Thanks to erosion and movements of the Earth's crust, the craters punched into Earth's surface by those billion-year-old asteroids are gone.

“We can’t go to the impact sites," Lowe said in the statement. "In order to better understand how big it was and its effect we need studies like this."

Lowe and a colleague looked at rock formations in the Barberton greenstone belt, a large area in eastern South Africa that contains some of the world's oldest rocks. The rocks are covered in a layer of spherules--tiny, spherical particles created when vaporized rock cast into the atmosphere by ancient asteroid impacts rained back down onto the planet's surface. The researchers calculated the asteroid's size based on the thickness and chemical composition of the spherules. Then they modeled the impact itself.

In addition to yielding the likely size of the asteroid, the calculations showed that it hit our planet at a speed of 44,000 miles an hour (20 kilometers per second). The impact created seismic waves akin to a 10.8 magnitude earthquake, raising ocean temperatures, setting off enormous tsunamis, and leaving an impact crater measuring 300 miles in diameter. That's greater than the distance between New York City and Washington, D.C.

Pretty amazing, for sure.
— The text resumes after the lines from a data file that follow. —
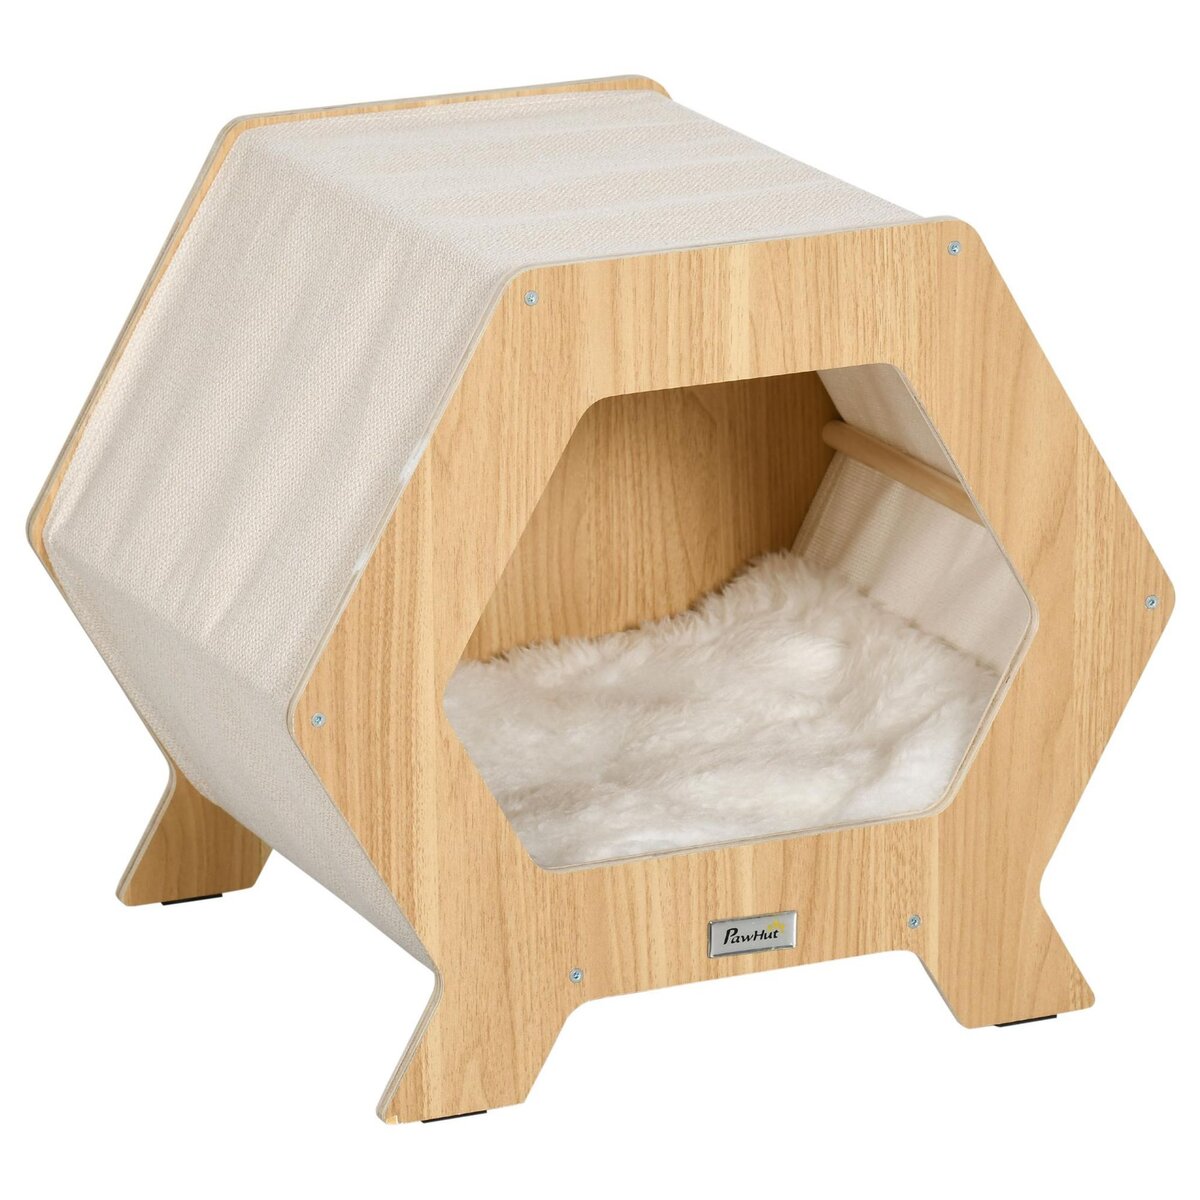 Maison pour chat design hexagonal - niche chat panier chat - coussin  fourrure amovible, grattoir jute naturelle - contreplaqué aspect bois clair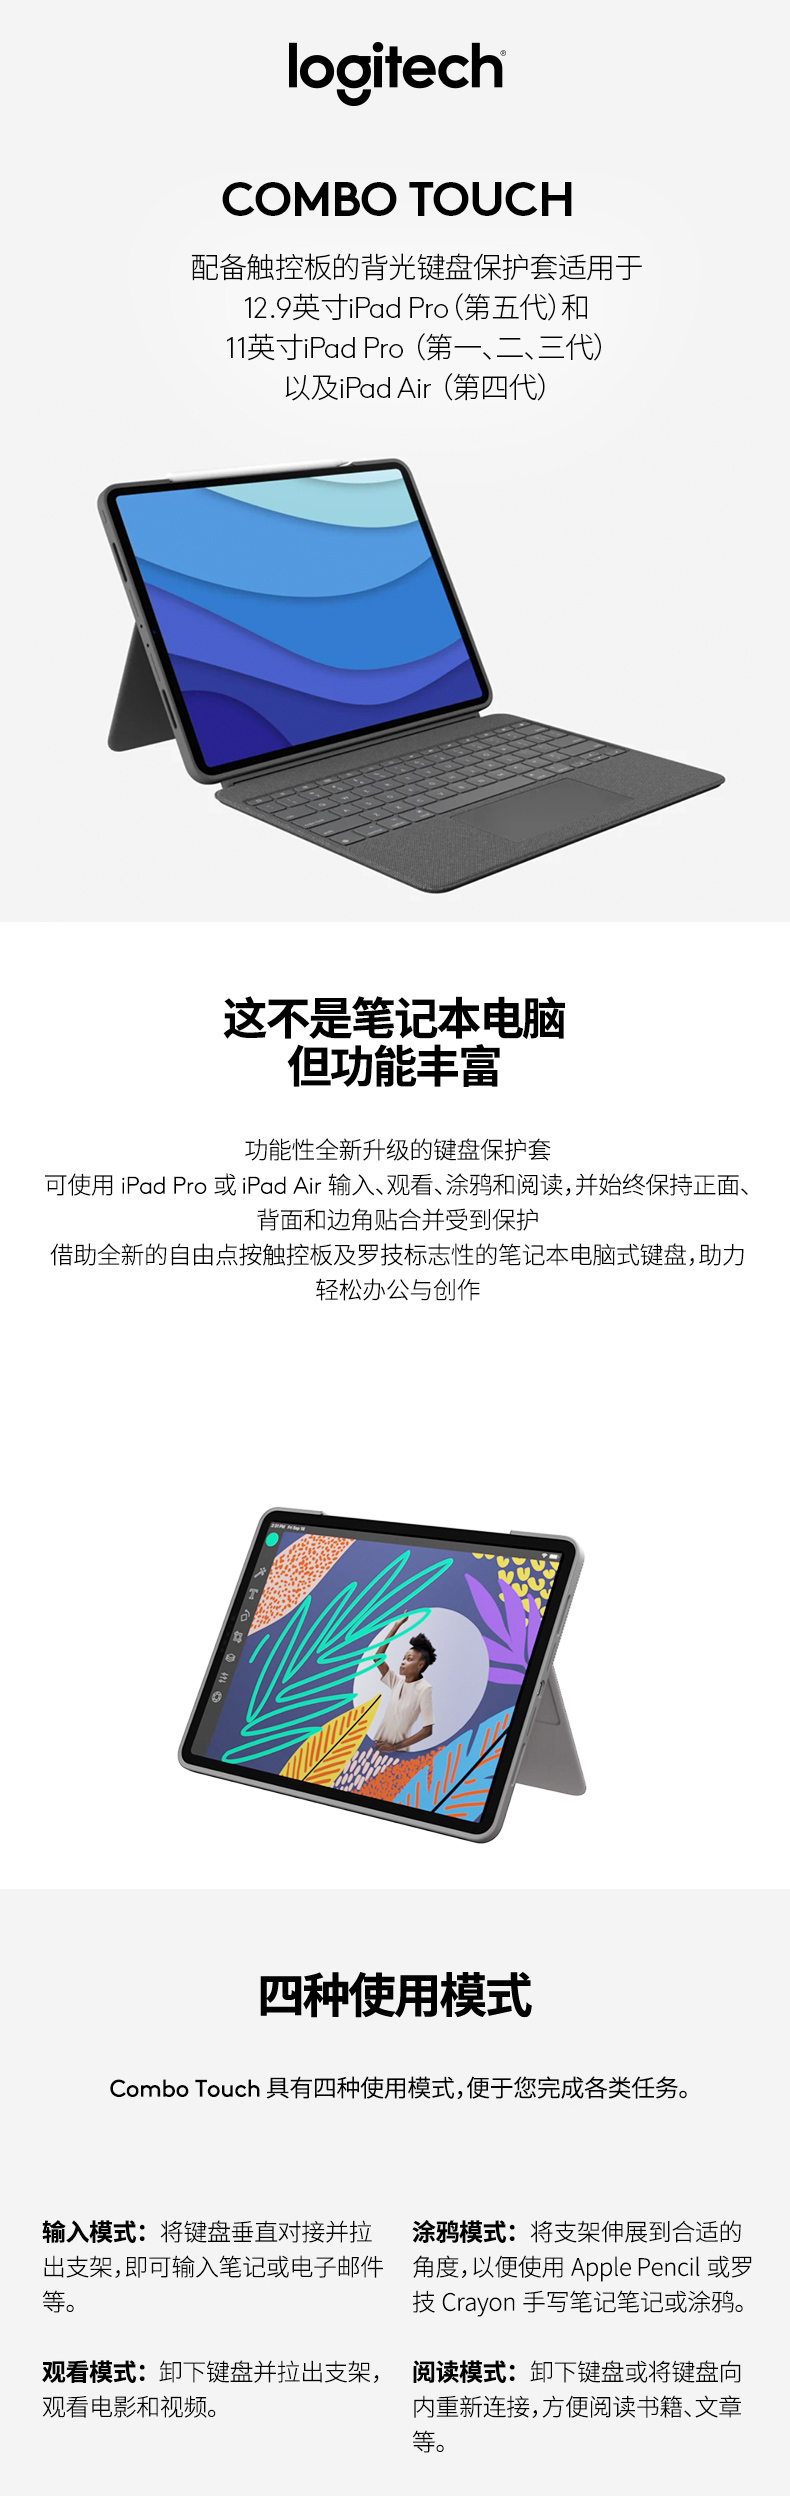 正規品販売中  Air用 iPad IK1095 Touch Combo Logicool タブレット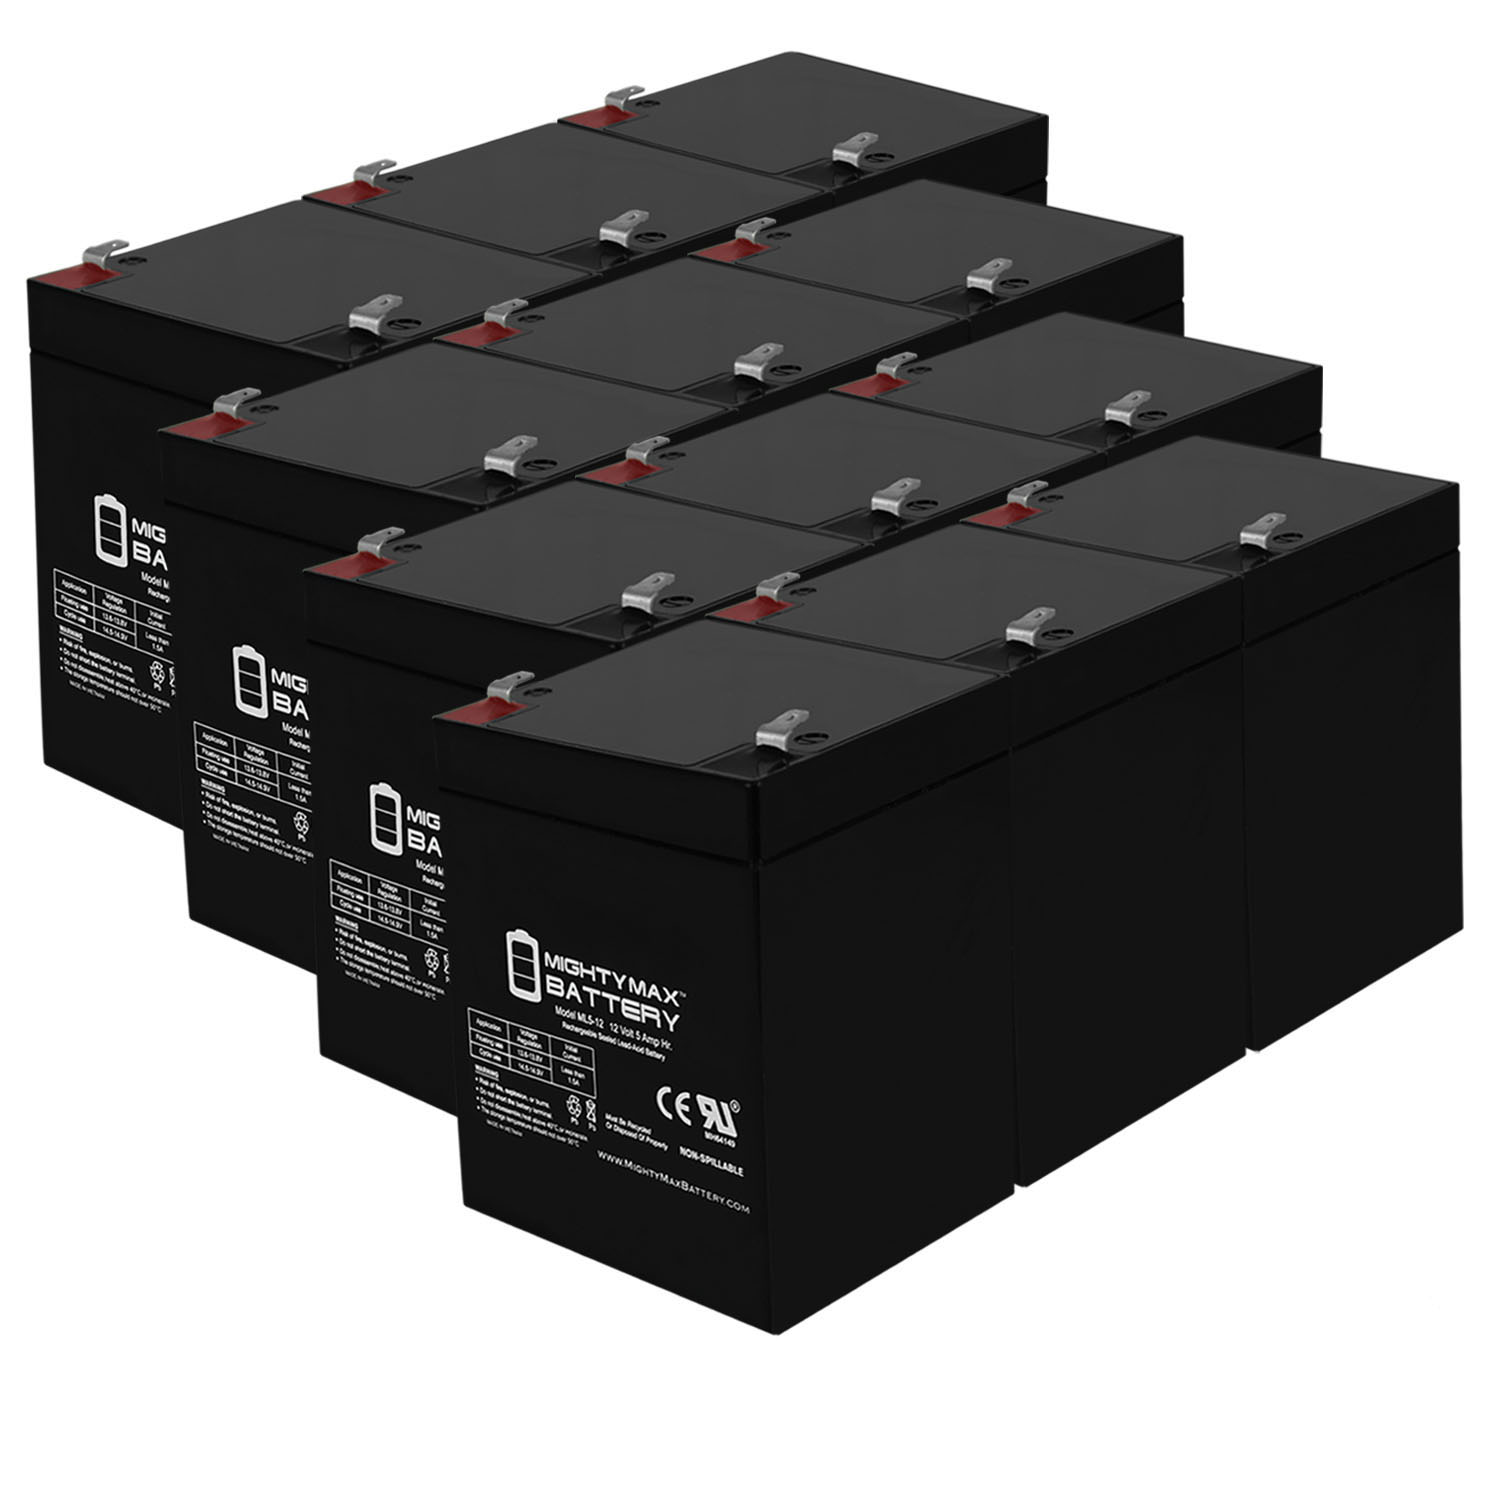 12V 5AH SLA Replacement Battery for Zoro Select 2UKK1 - 12 Pack

But the scientists say their findings help refine our ideas about ancient asteroid impacts and how they affected conditions on a young Earth.

“This is providing significant support for the idea that the impact may have been responsible for this major shift in tectonics,” Frank Kyte, a UCLA geologist who was not involved in the study, said in the statement.

The research is to be published in the journal Geochemistry, Geophysics, Geosystems.